El «Enola Gay» fue detectado en ruta hacia Hiroshima, donde sonó la alarma aérea; Tibbets llegó a la zona de lanzamiento a las 8h., volando a 500 Km/h a una altura de 9.630 m. «Little» Boy fue lanzado a las 8h. 15′ 17″, comenzó su descenso en caída libre, luego resultó ligeramente frenado por un pequeño paracaídas y a, 560 metros del suelo, a las 8h.16′7″, estalló liberando una energía superior a 14 kilotones (14.000 Tm. TNT), menos de lo calculado. En el epicentro de la explosión se alcanzaron 300.000 º y en tierra, 3.000 grados, calcinando todo en un radio de dos kilómetros.

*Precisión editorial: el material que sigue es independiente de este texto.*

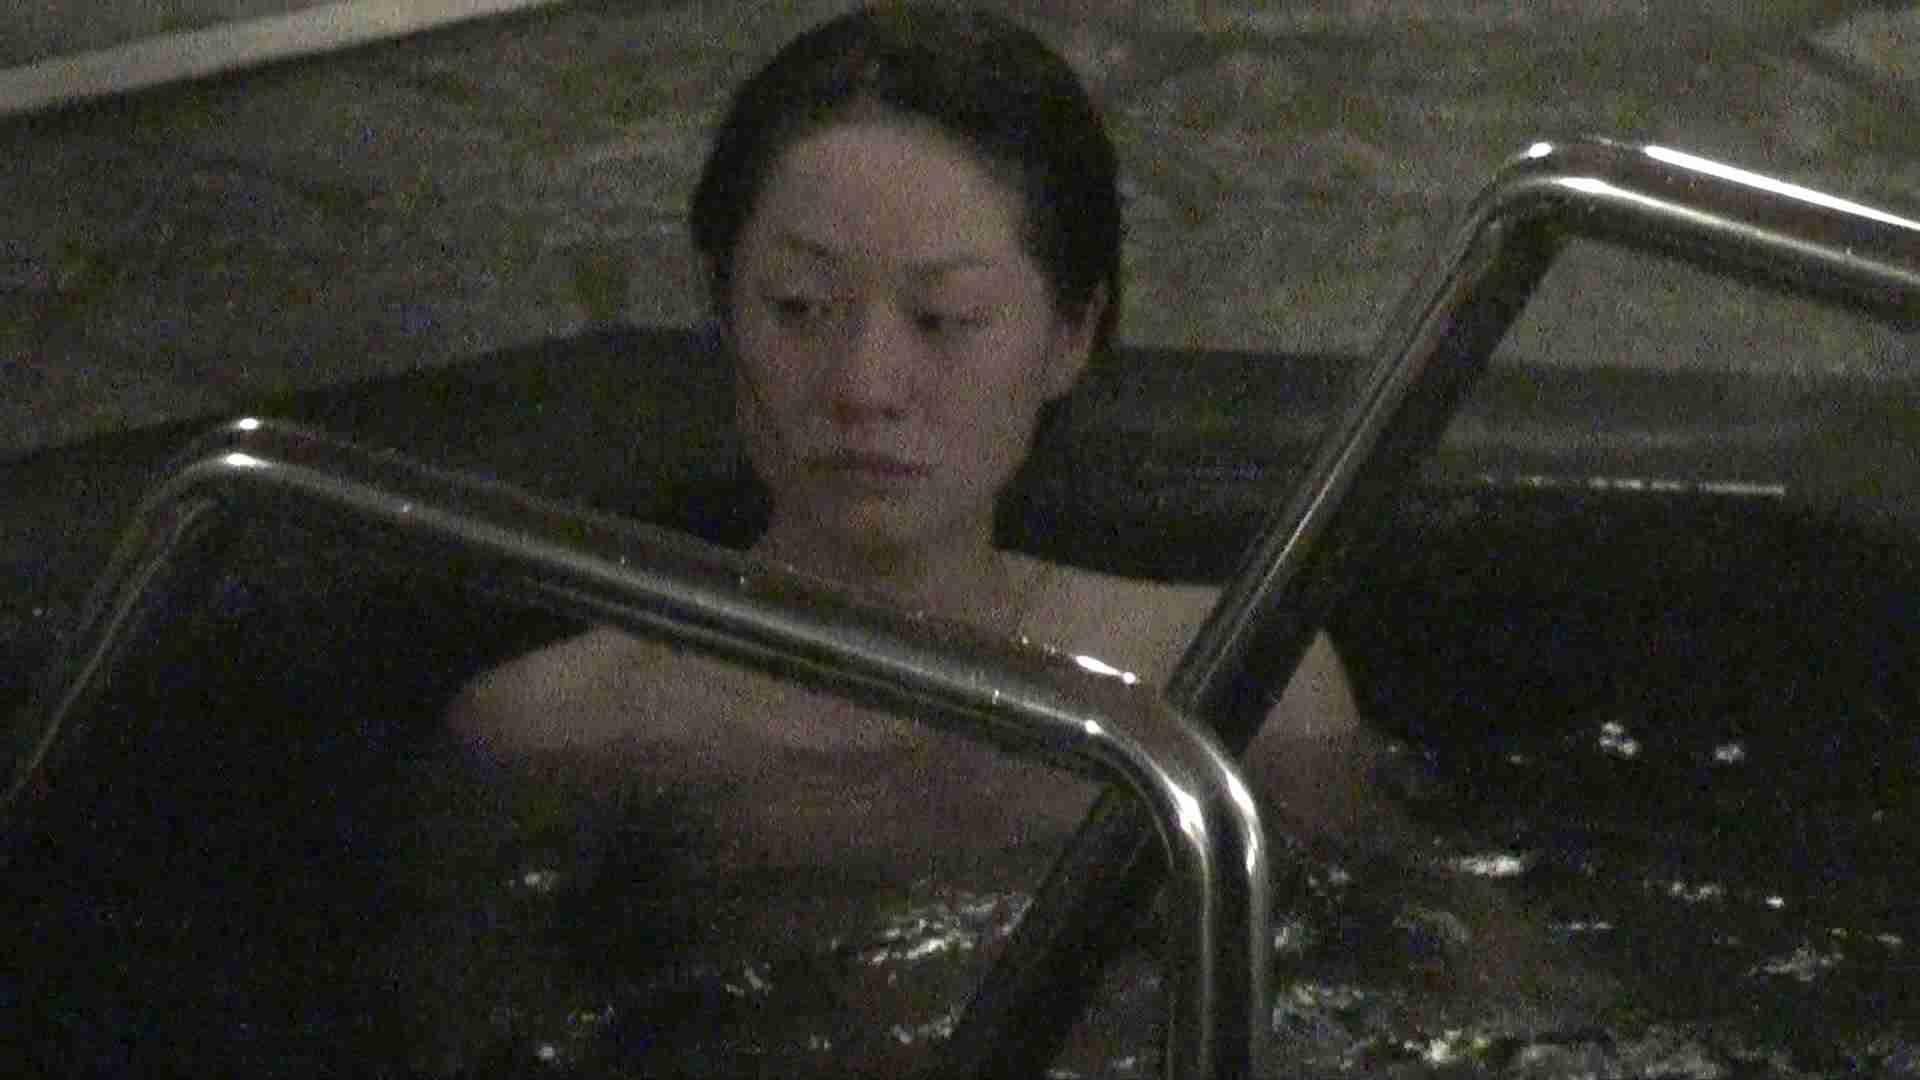 Aquaな露天風呂Vol.318 露天風呂突入 隠し撮りオマンコ動画紹介 105pic 98

Once kilómetros cuadrados fueron arrasados, el 69% de los edificios destruidos y el 7% dañados. Murieron más de 70.000 personas y otras tantas quedaron heridas. Por la radioactividad, los muertos superan los 200.000. Con todo, los militaristas japoneses decidieron seguir luchando, convencidos de que EE UU no tenía valor para desembarcar en Japón.

Un español bajo la bomba

«De repente vimos una luz potentísima, como un fogonazo de magnesio disparado ante nuestros ojos (…) Oímos una explosión formidable, parecida al mugido de un terrible huracán, que se llevó por delante puertas, ventanas, cristales, paredes endebles... que, hechos añicos, iban cayendo sobre nuestras cabezas…». El padre Arrupe, general de los jesuitas, fue testigo de la explosión de la primera bomba atómica, pues se hallaba destinado en el colegio de la Compañía en Hiroshima, erigido a las afueras de la ciudad. «Subimos a una colina para ver mejor lo ocurrido y pudimos distinguir en dónde había estado la ciudad, porque lo que teníamos delante era una Hiroshima completamente arrasada. Como las casas eran de madera, papel y paja, y era la hora en que todas las cocinas preparaban la primera comida del día, con ese fuego y los contactos eléctricos, a las dos horas y media de la explosión, toda la ciudad era un enorme lago de fuego (...) Ante los ojos espantados se abría un espectáculo sencillamente indescriptible, visión dantesca (...) miles de personas heridas, quemadas, pidiendo socorro. Como aquel niño que tenía un cristal clavado en la pupila del ojo izquierdo, o aquel otro que tenía clavada en los intercostales, como si fuese un puñal, una gruesa astilla de madera. Sollozando, gritaba: “Padre, sálveme, que no puedo más”». (En la imagen, un reloj detenido a la hora de la explosión).